Every line of the data below is to be duplicated exactly, pictures excepted.

── Data section

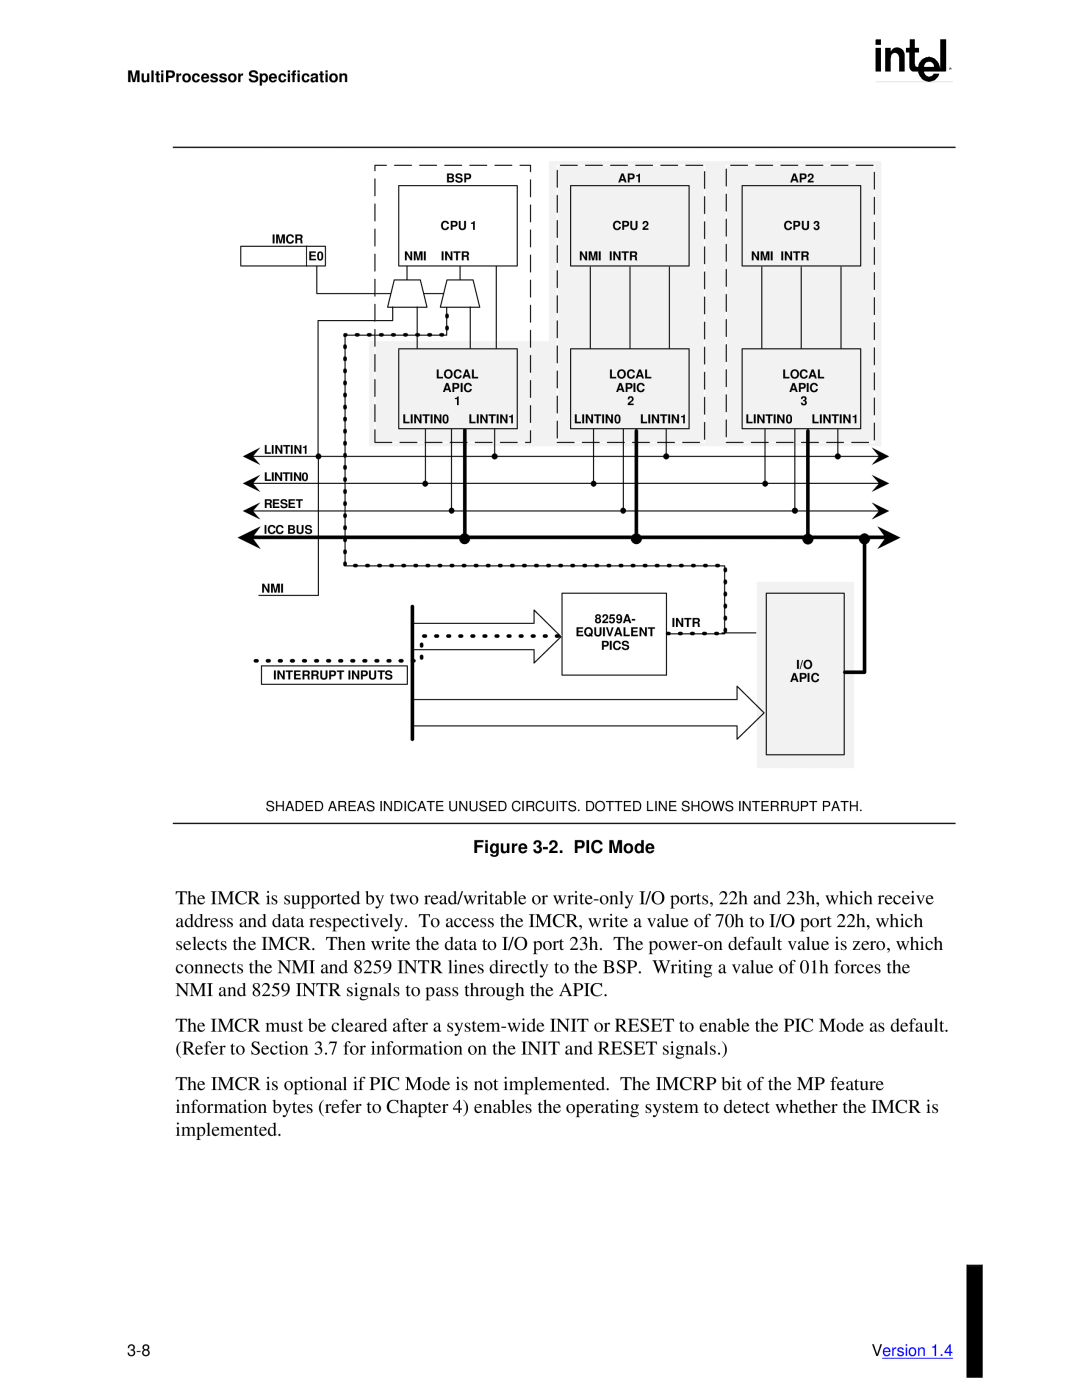 Intel MultiProcessor manual 2.PIC Mode 
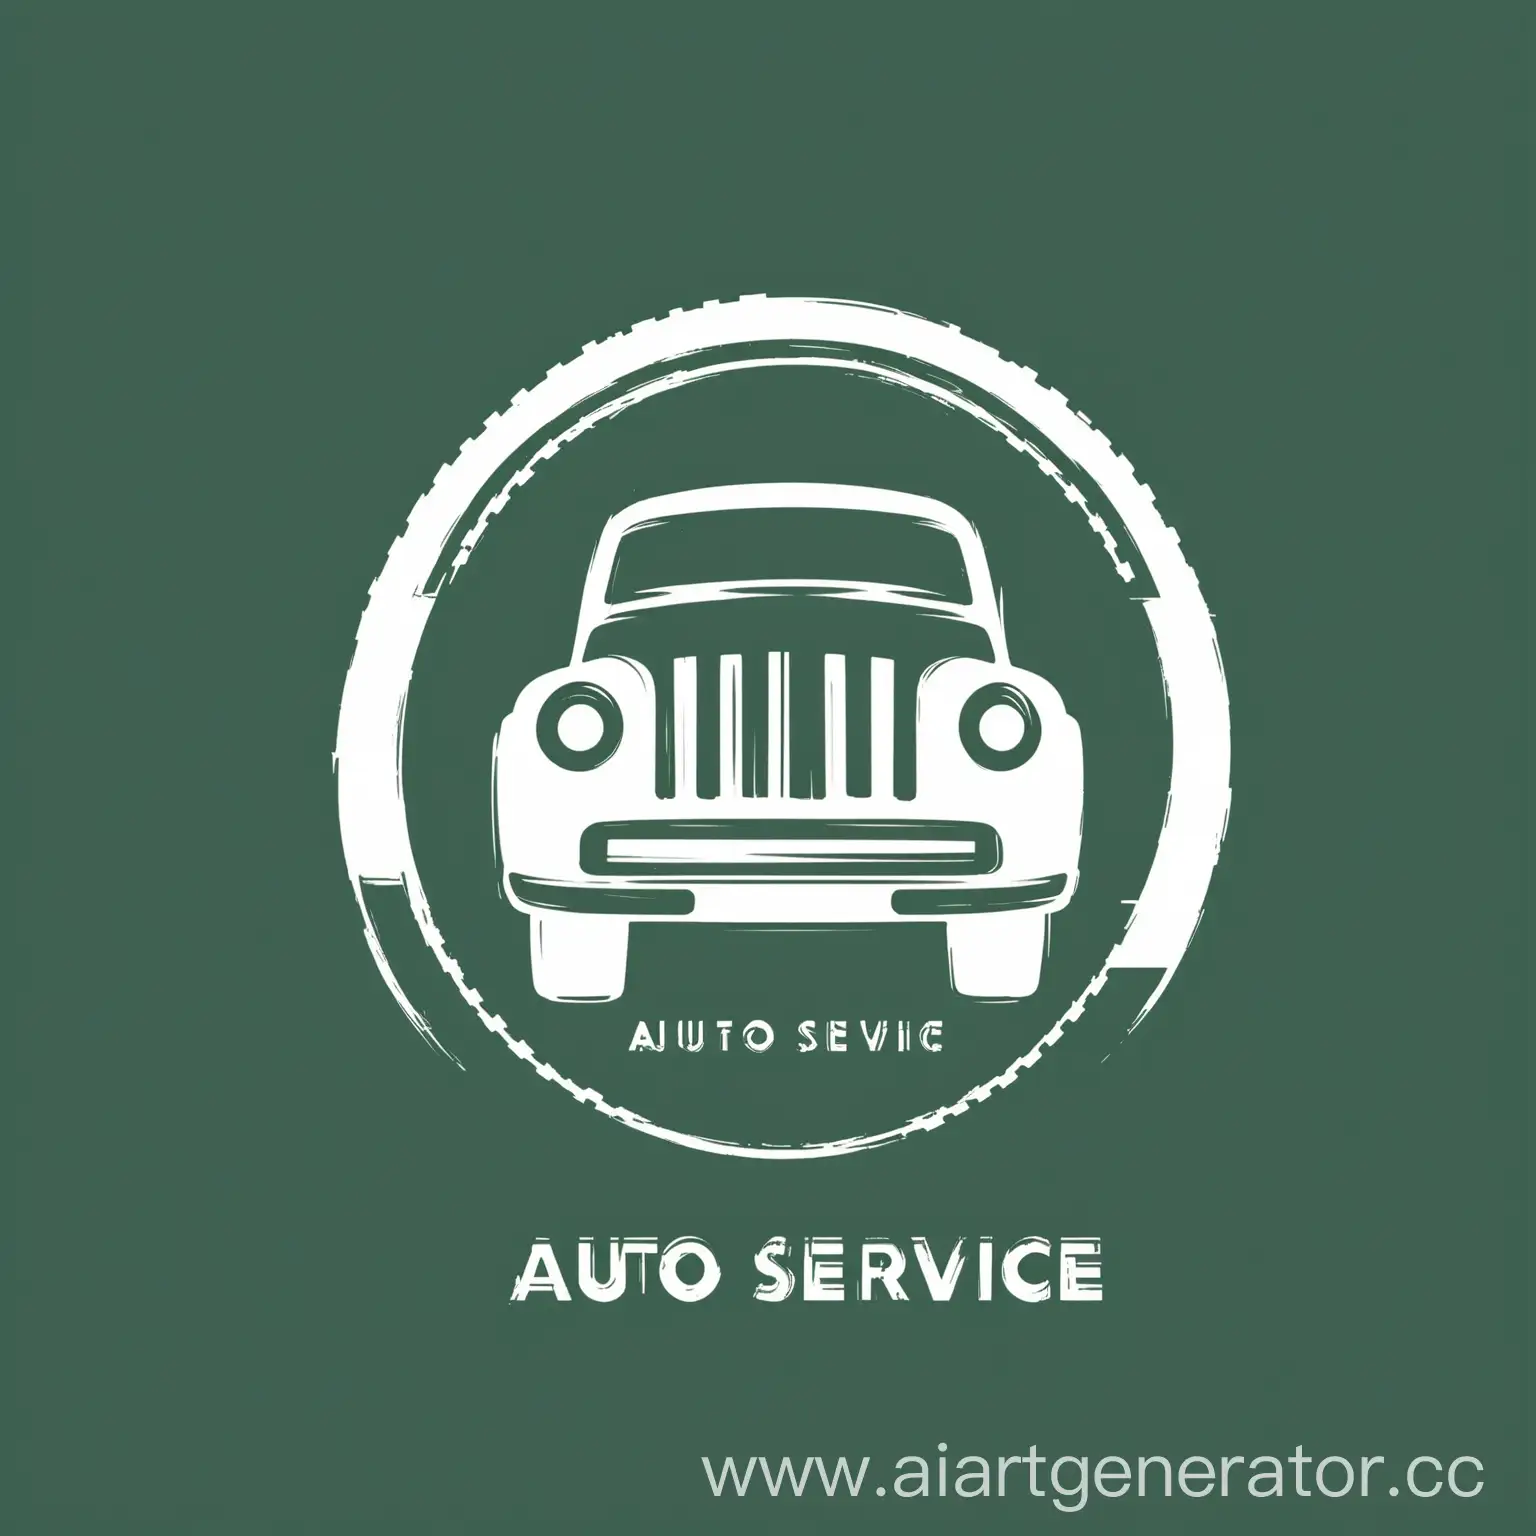 Minimalist-Auto-Service-Logo-Design
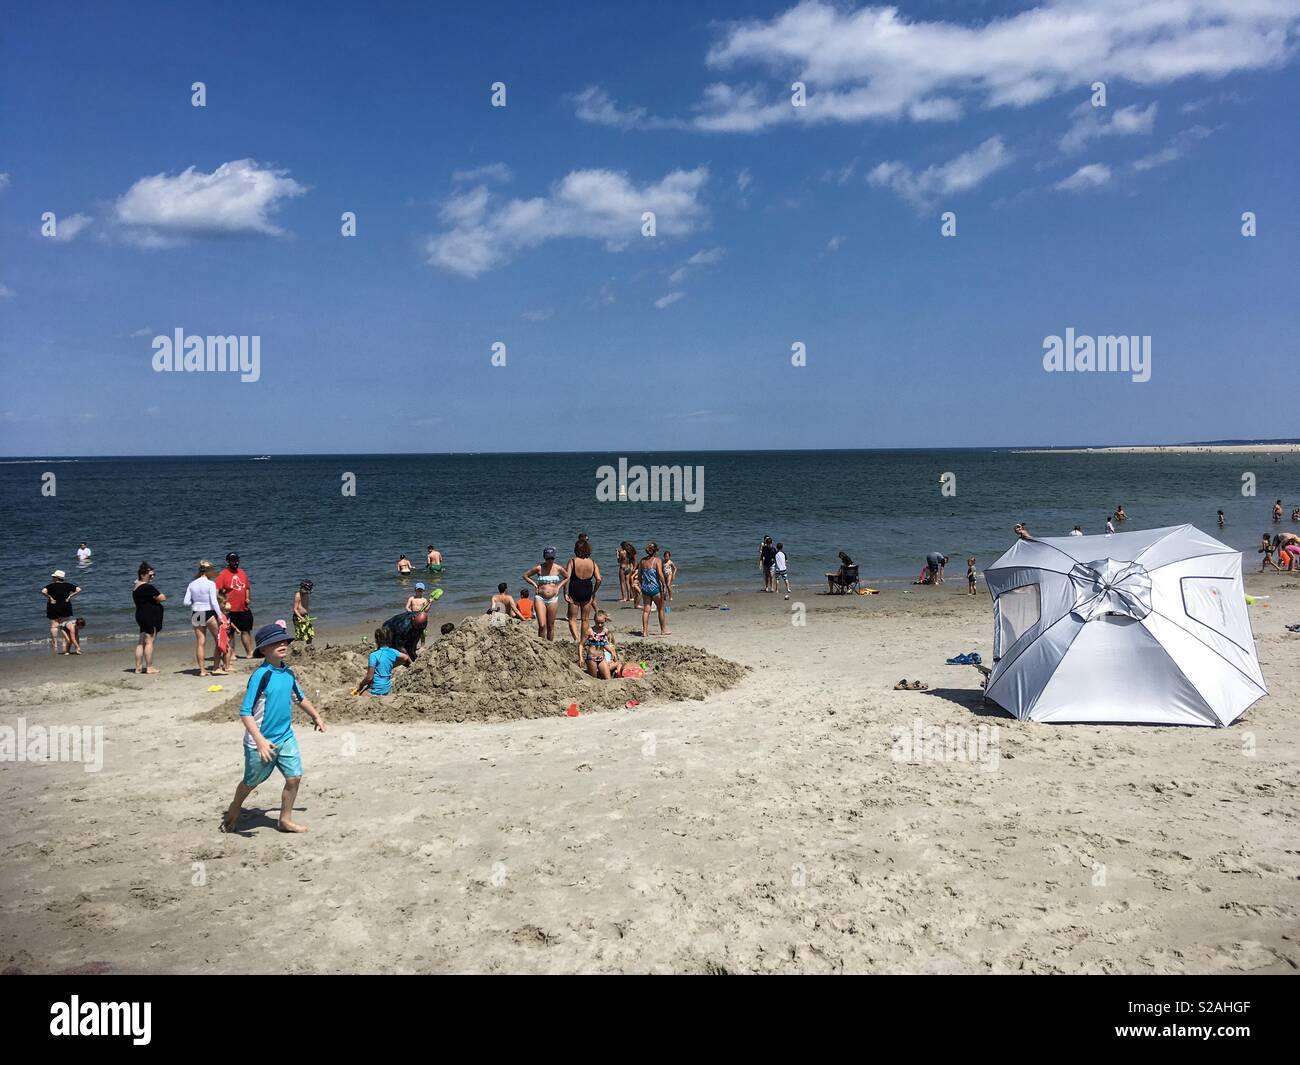 Crane Beach - Ipswich, MA, USA Stock Photo - Alamy

────

_Task result:_
 Intel MultiProcessor manual 2.PIC Mode 
 Minimalist-Auto-Service-Logo-Design
 Crane Beach - Ipswich, MA, USA Stock Photo - Alamy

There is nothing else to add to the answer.